Rebecca Tendai Gurupira, who is based at the Zimbabwe West Conference office, told UMNS that all church members were reported to be “very safe.”

Other United Methodists reported that people were mostly staying home following reports of the military action.

The Rev. Tauri Emmanuel Maforo, pastor of St. Dorcas United Methodist Church in Harare, was holding a mid-week prayer service dedicated to praying for the country and the political situation.

The Rev. Tauri Emmanuel Maforo gives the sermon during a prayer service at St. Dorcas United Methodist Church in Harare, Zimbabwe, following a military takeover of the capital. ~ photo courtesy Promise Karuwenga.

Maforo said the church prayed for peace and prosperity in Zimbabwe.

“Relationships, trust and nationhood needs urgent healing. We pray therefore in Jesus’ mighty name for peaceful resolution of the current impasse. We pray that the God of peace sends peace to the hearts of all caught up in the middle of these complexities,” Mafaro said in his sermon.

Solomon Nyamundaya of St. Peters United Methodist Church said the situation in Harare was “tense, very tense.

“Our offices are near Parliament building and the army ordered us to evacuate at 10 o’clock in the morning.  I then returned home,” he said.

The Rev. Austern Chepiri, a member of the Zimbabwe Episcopal Area Board of Trustees, said he drove through Harare.

“It was tense but peaceful.
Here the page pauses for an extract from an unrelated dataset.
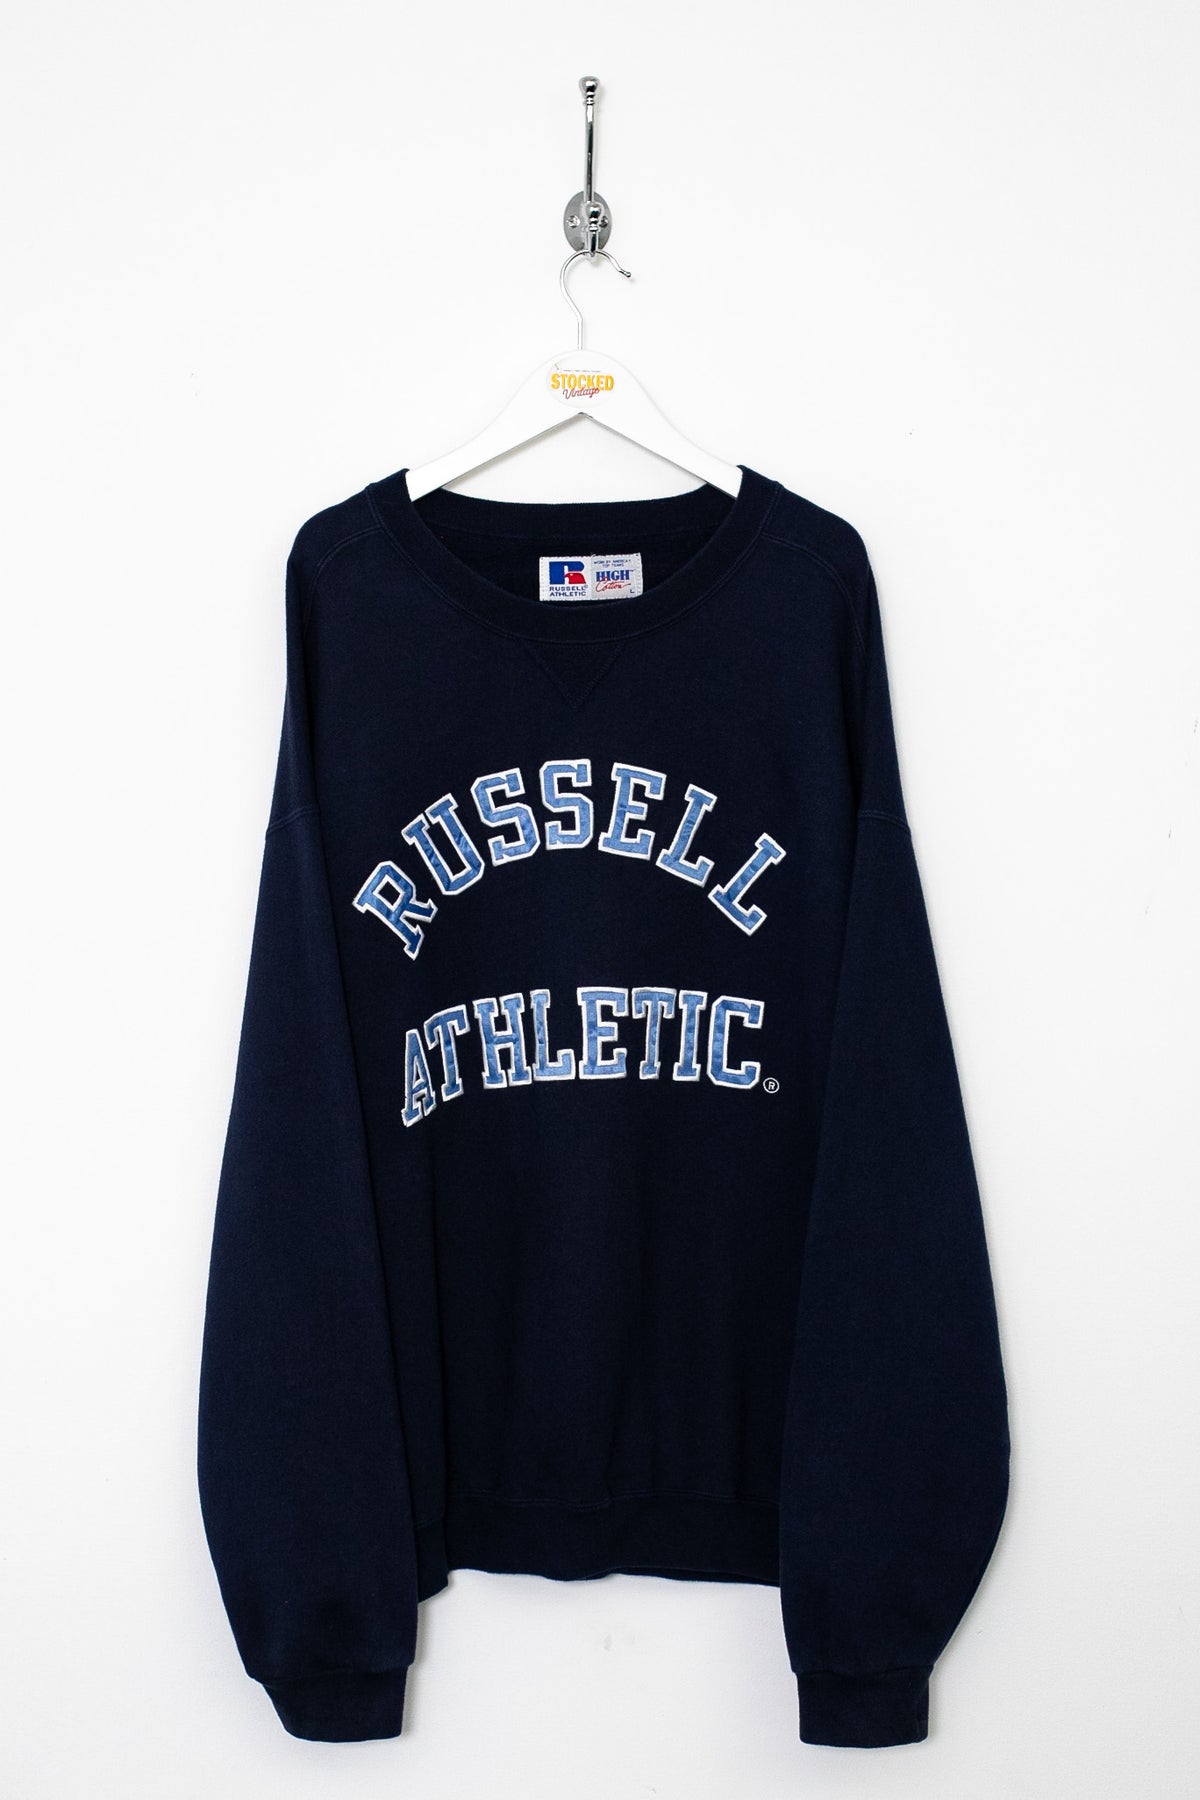 90s Russell Athletic Sweatshirt (XL)
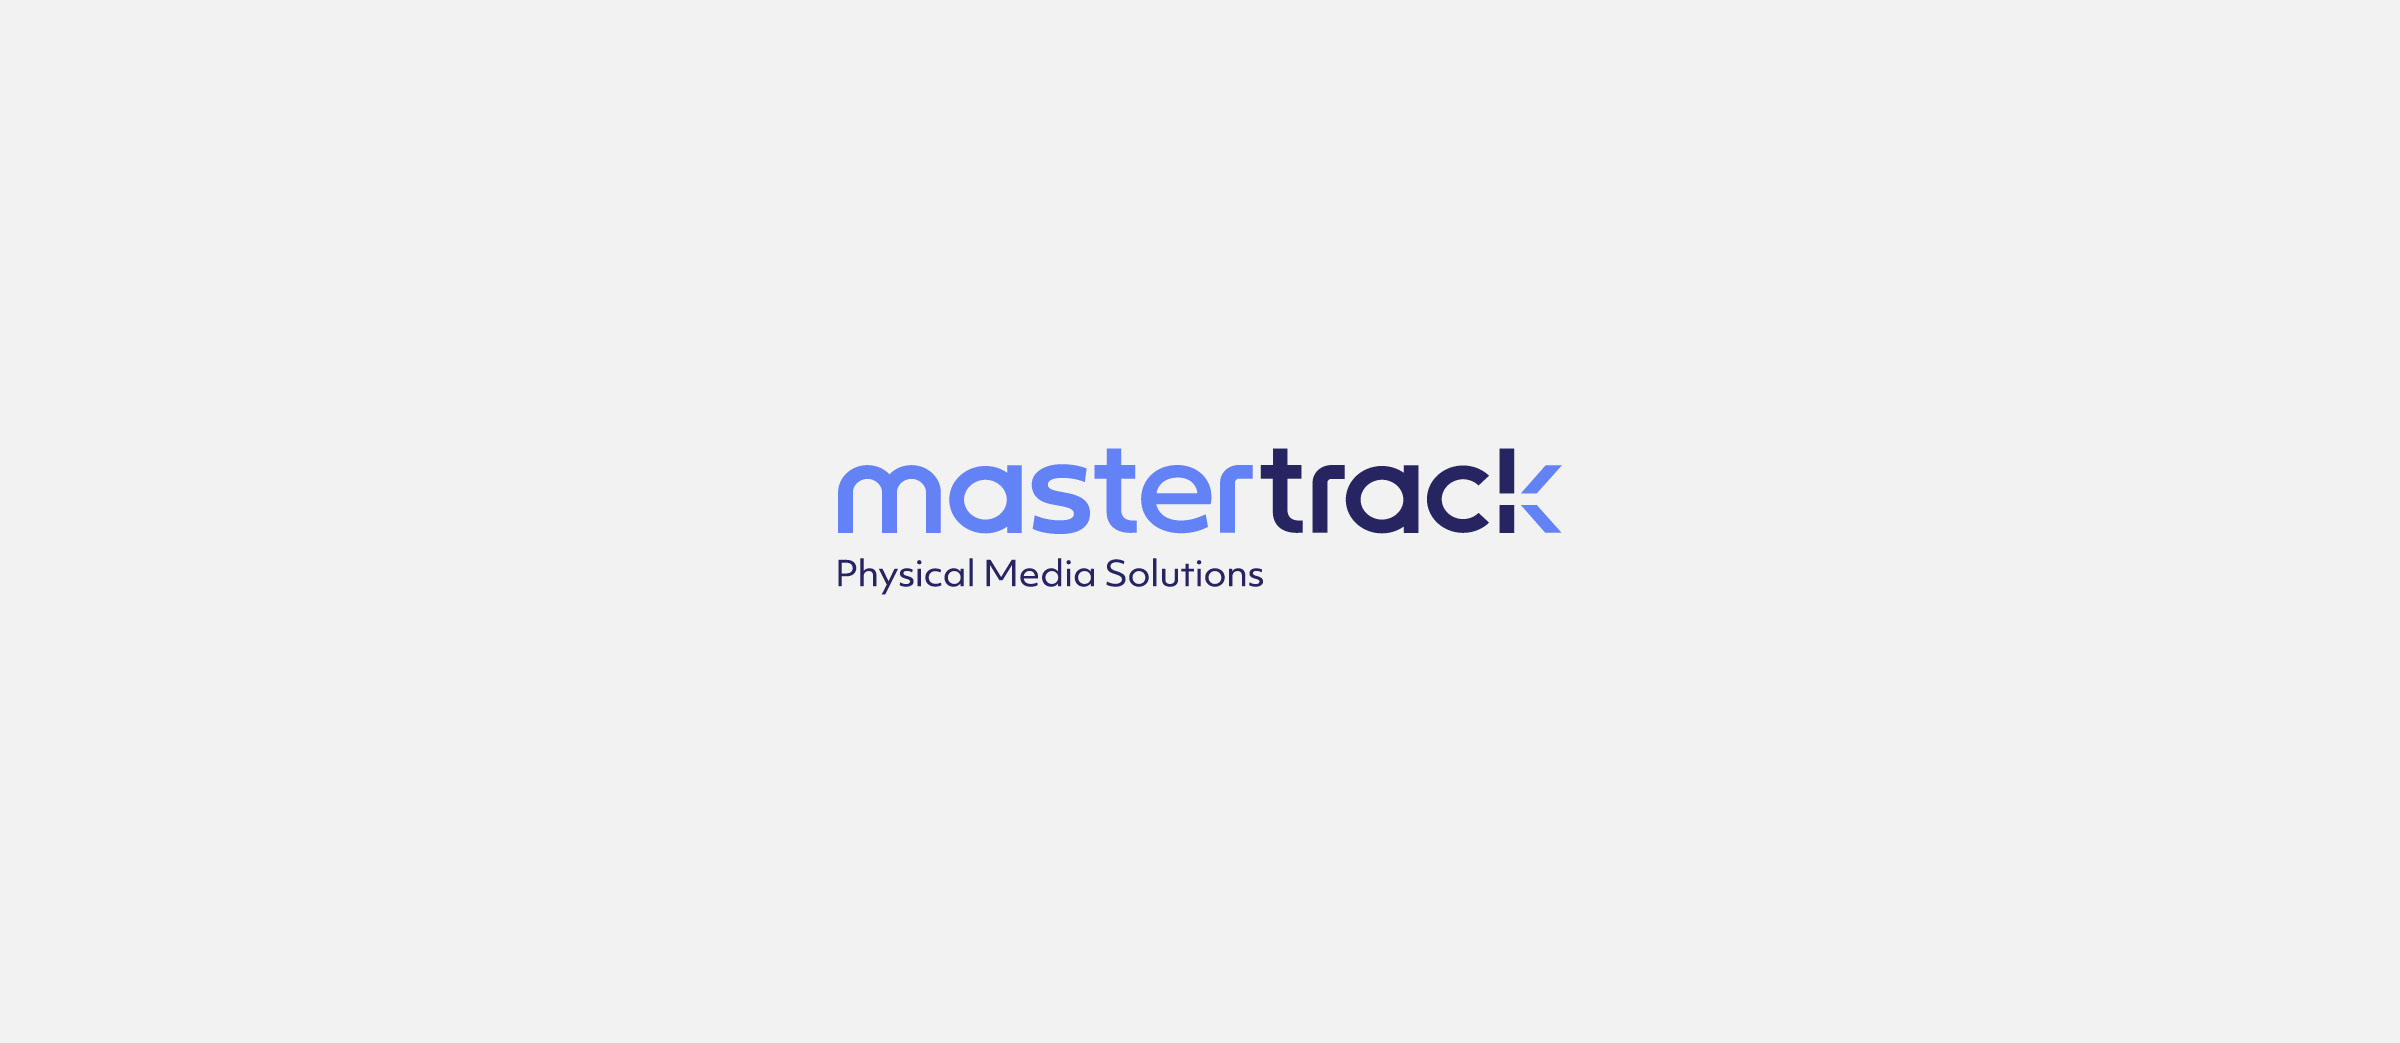 Mastertrack Branding Example Image

There was a heavy military presence at all strategic buildings, like Parliament and government offices,” he said.

The United Methodist Board of Global Ministries also is monitoring “the unfolding situation in Zimbabwe,” said Thomas Kemper, top executive, in a statement.

The mission agency has heard from nearly all of its community of missionaries and personnel with the United Methodist Committee on Relief in Zimbabwe, who are “safe at this moment,” the statement said.

“We are very thankful that no bloodshed has been reported in the current contention between President Robert Mugabe and the armed force. May that continue to be the case.

“We at Global Ministries pray for a peaceful outcome to contending political agendas and that Zimbabwe will emerge with a strong democratic framework in which all citizens may participate without fear, intimidation or reprisals,” the statement said. “We also pray for a future with a stable political and economic foundation.”